Synthesis and Development of New Dyes and Electron Transport Mediators for p-Type Dye Sensitized Solar Cell Applications

Abstract

NiO-based p-type dye-sensitized solar cells (p-DSSCs) have garnered significant attention, as they are often the limiting factor in achieving high-efficiency tandem DSSCs. In these cells, the dye plays a critical role in light absorption and photocurrent generation, making the design of new sensitisers essential for enhanced device performance. Due to the relatively thin NiO films used (around 1.5 µm), organic dyes with high extinction coefficients are needed to optimise light absorption.

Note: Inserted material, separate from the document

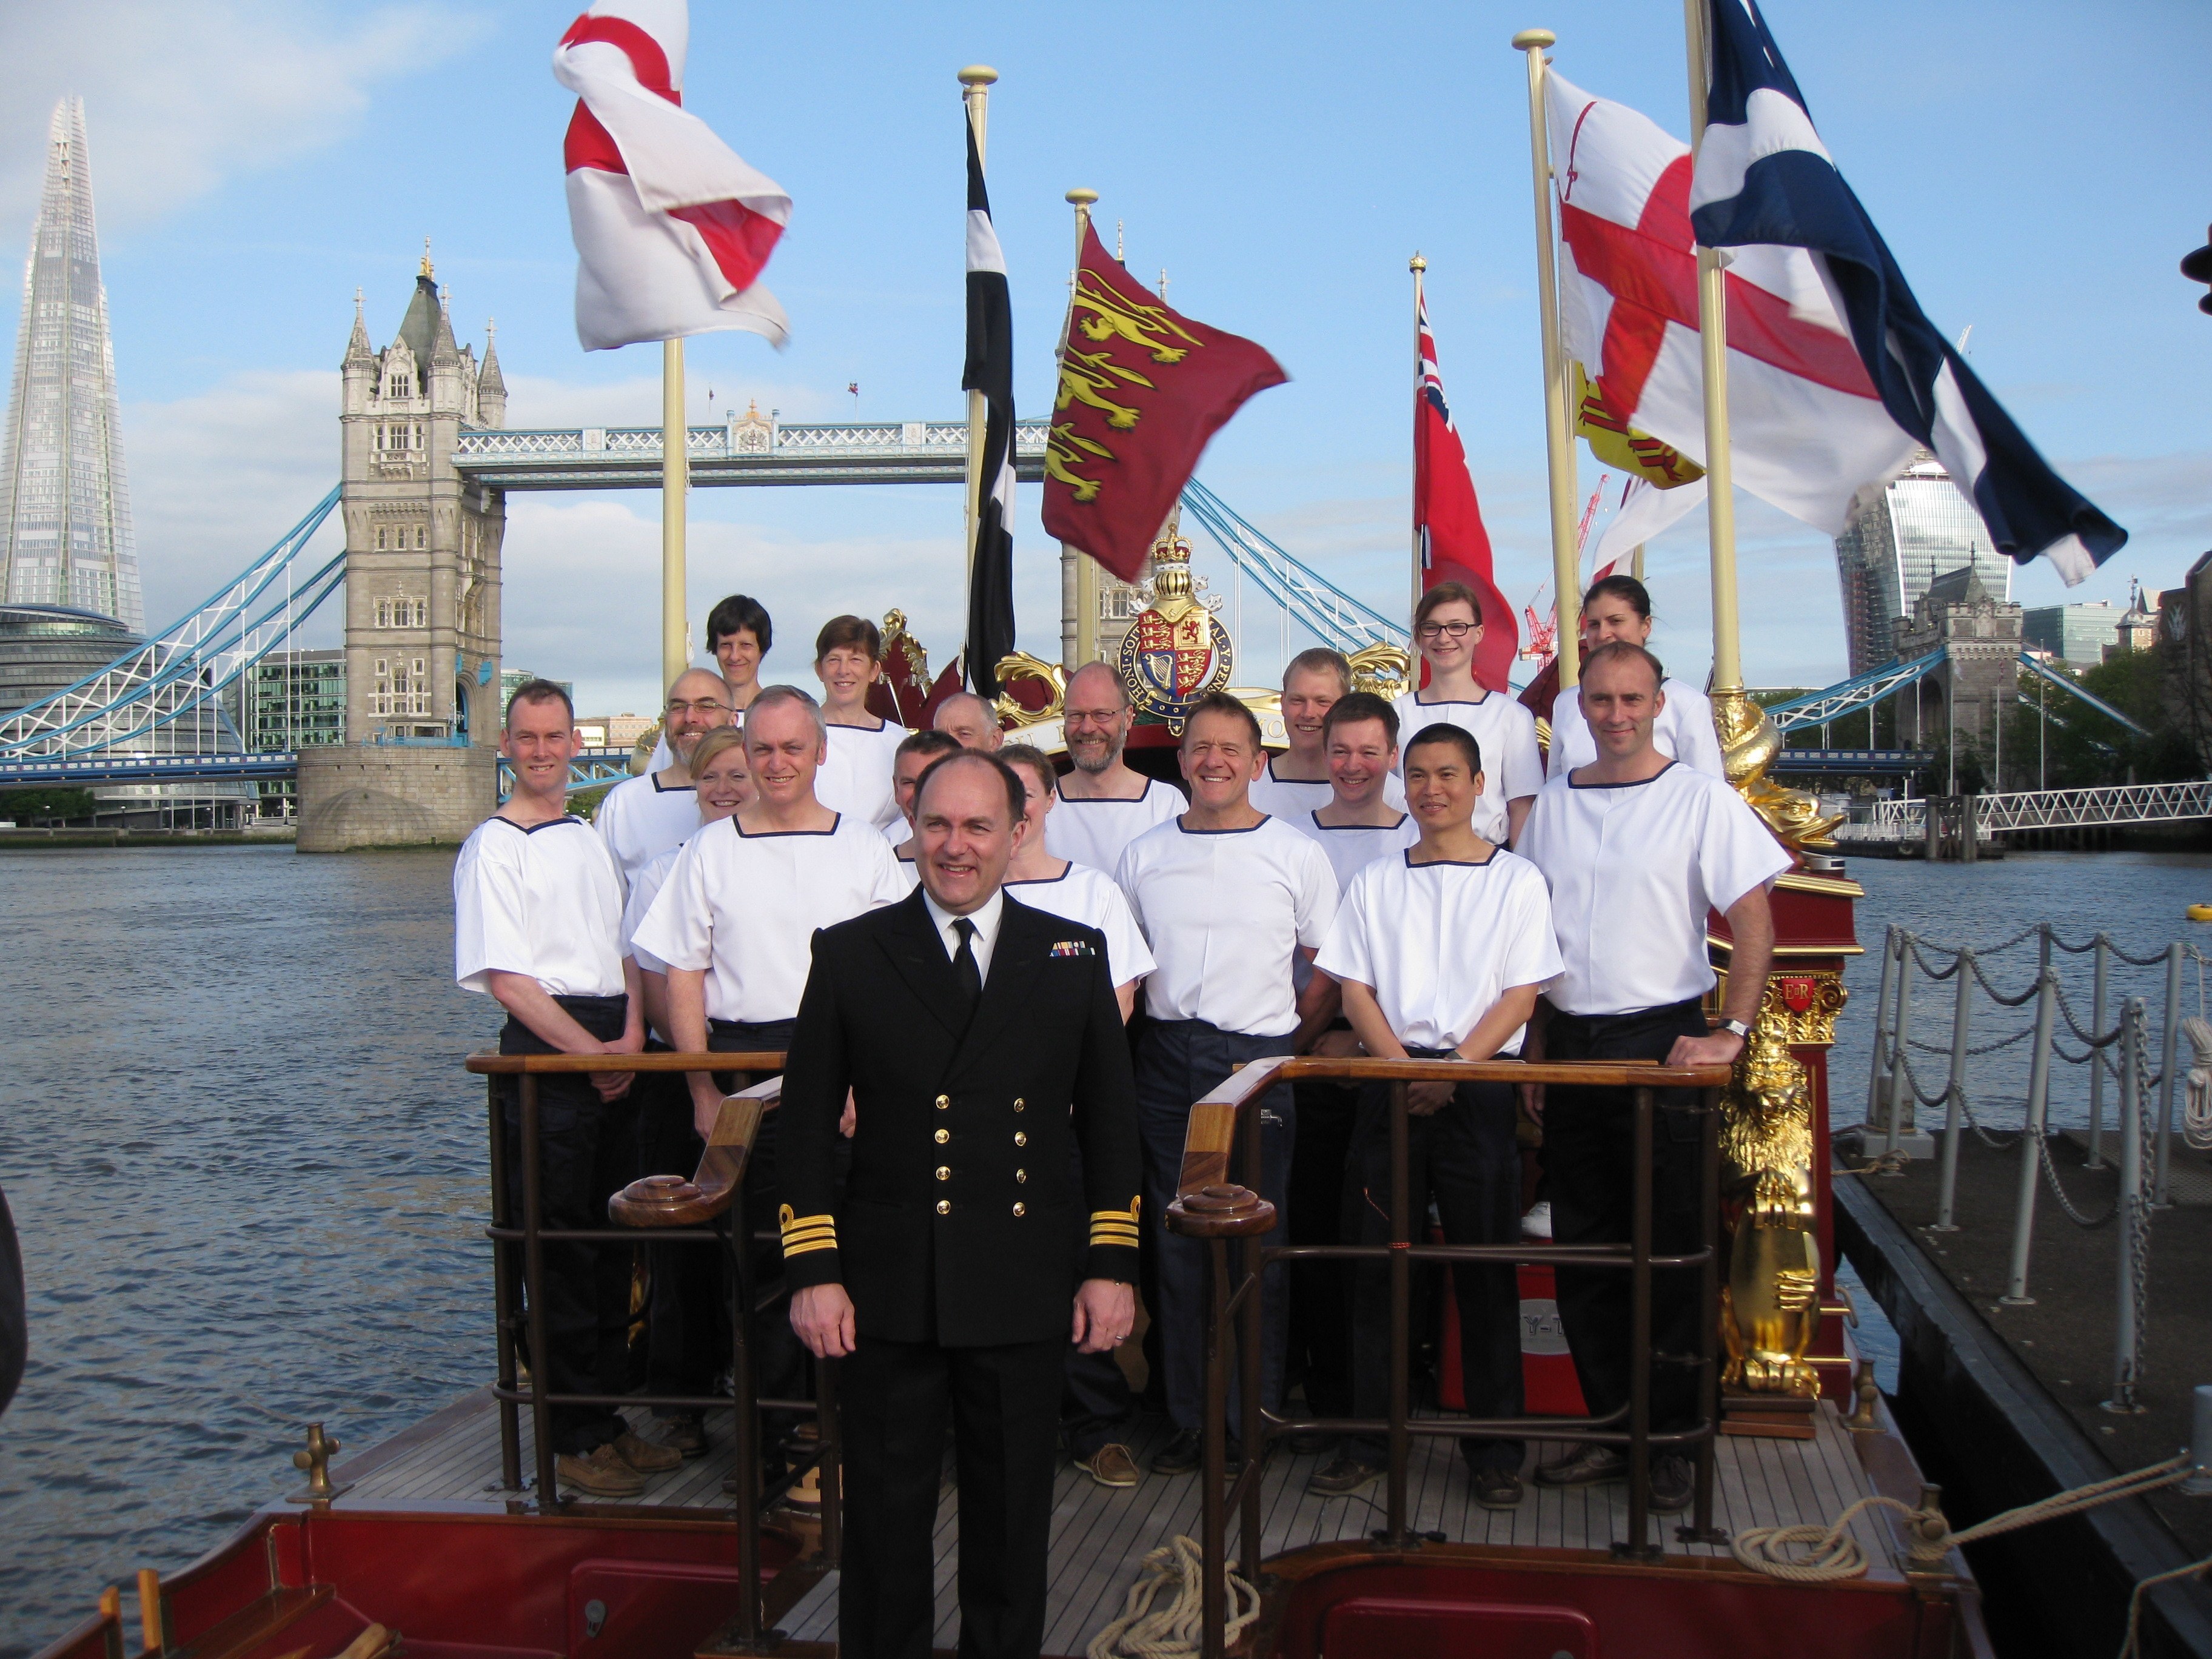 Royal Navy Reserve HMS President crew
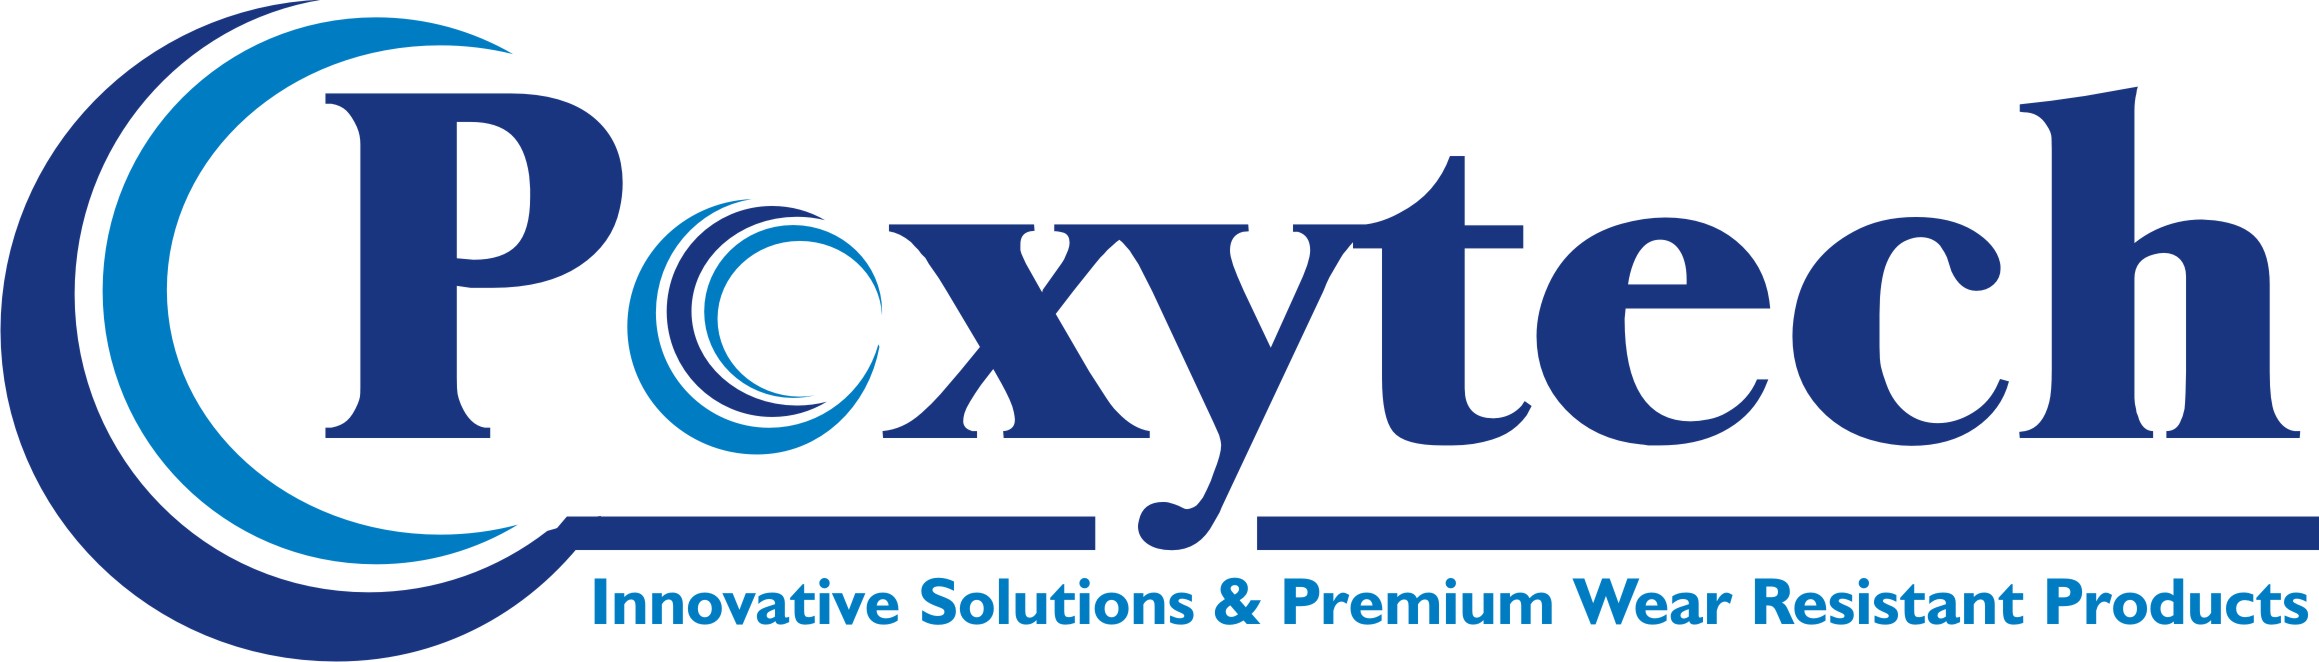 Poxytech cc logo

In tandem DSSCs, NiO-based p-DSSCs are combined with TiO2 as n-type DSSCs, requiring complementary light absorption across different wavelength ranges. Since n-type devices are optimised for capturing higher-energy photons, dyes for NiO-based cells must efficiently absorb light in the longer-wavelength visible and near-IR regions. Additionally, an anchoring unit, such as a carboxylic acid group, is crucial for dye attachment to the semiconductor surface, facilitating effective charge transfer from NiO to the dye. In a solid-state DSSC (ssDSSC), the cell was constructed on FTO glass with a NiO layer and a benchmark dye, infiltrated with PCBM, and capped with an aluminum contact. However, limited photocurrent was observed, likely due to the PCBM layer, suggesting that alternative electron transport materials may be required to further enhance performance. In this thesis, electron transport materials (ETM), N-heterocyclic dyes, aza-BODIPY catechol dyes, and novel BODIPY dyes were synthesised and studied as sensitisers for p-DSSCs. Each chapter addresses a specific aspect of dye design, offering a comprehensive analysis of the factors critical to developing an efficient device.